Clustered Index Scan vs Seek

  • Hi,

    I have a table with an Id field. It is NOT auto increment. Every time we insert the new rows, we get Max(id) and increment by 1. When looking at the execution plan, it says "Clustered Index scan". But, the cost doesn't seem to be high. It is like 1% of the total cost. If I change the query to get max(id) where Id > 0, the execution plan changes to "Clustered Index Seek". But the query cost is still 1%. There is no change.

    My question is does it make any difference performance wise to change the queries to include where clause with Id > 0?

    Thank you,
    Sridhar.

  • Not seeing the query or the structure, my answer is going to be vague.

    In general, yes. Situationally, a seek is better than a scan. However, it really depends on the situation and since I don't know the situation at all, we may not be in the general position.

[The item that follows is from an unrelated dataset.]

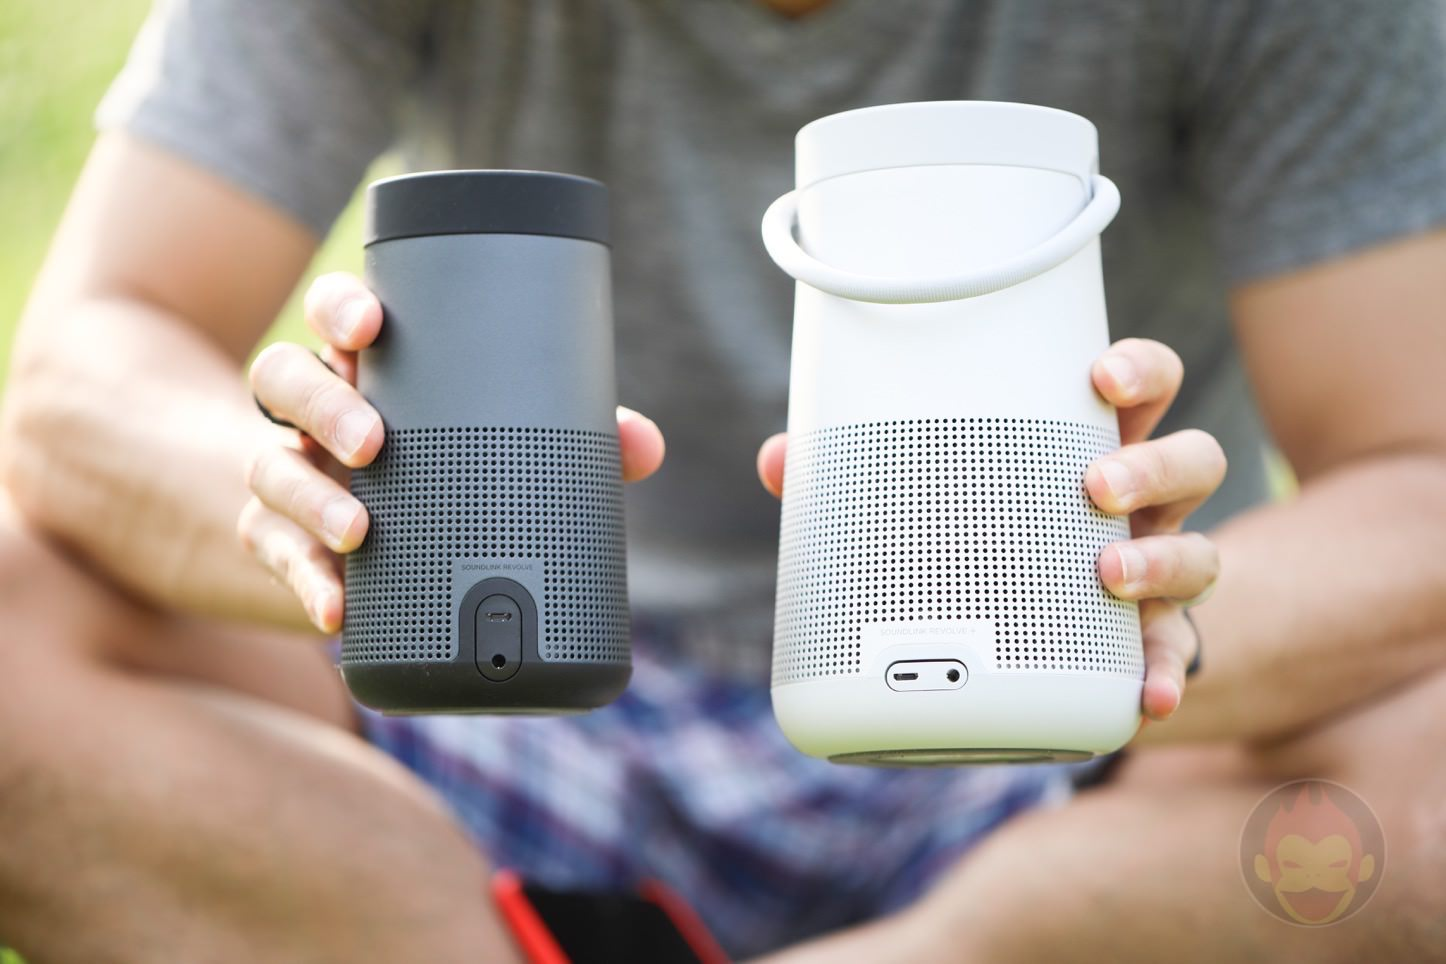 Bose-SoundLink-Revolve-12.JPG

    "The credit belongs to the man who is actually in the arena, whose face is marred by dust and sweat and blood"
    - Theodore Roosevelt

    Author of:
    SQL Server Execution Plans
    SQL Server Query Performance Tuning

  • Hi Grant,

    It is a simple query. Let’s say I have table A with columns Id, Empno, Punchdate. The primary key is on Id field. It is not set as auto increment for some other reasons. When we need to insert a new row, we get maxid as follows

    Select max(id) from A;

    If I look at execution plan, it says Clustered index scan.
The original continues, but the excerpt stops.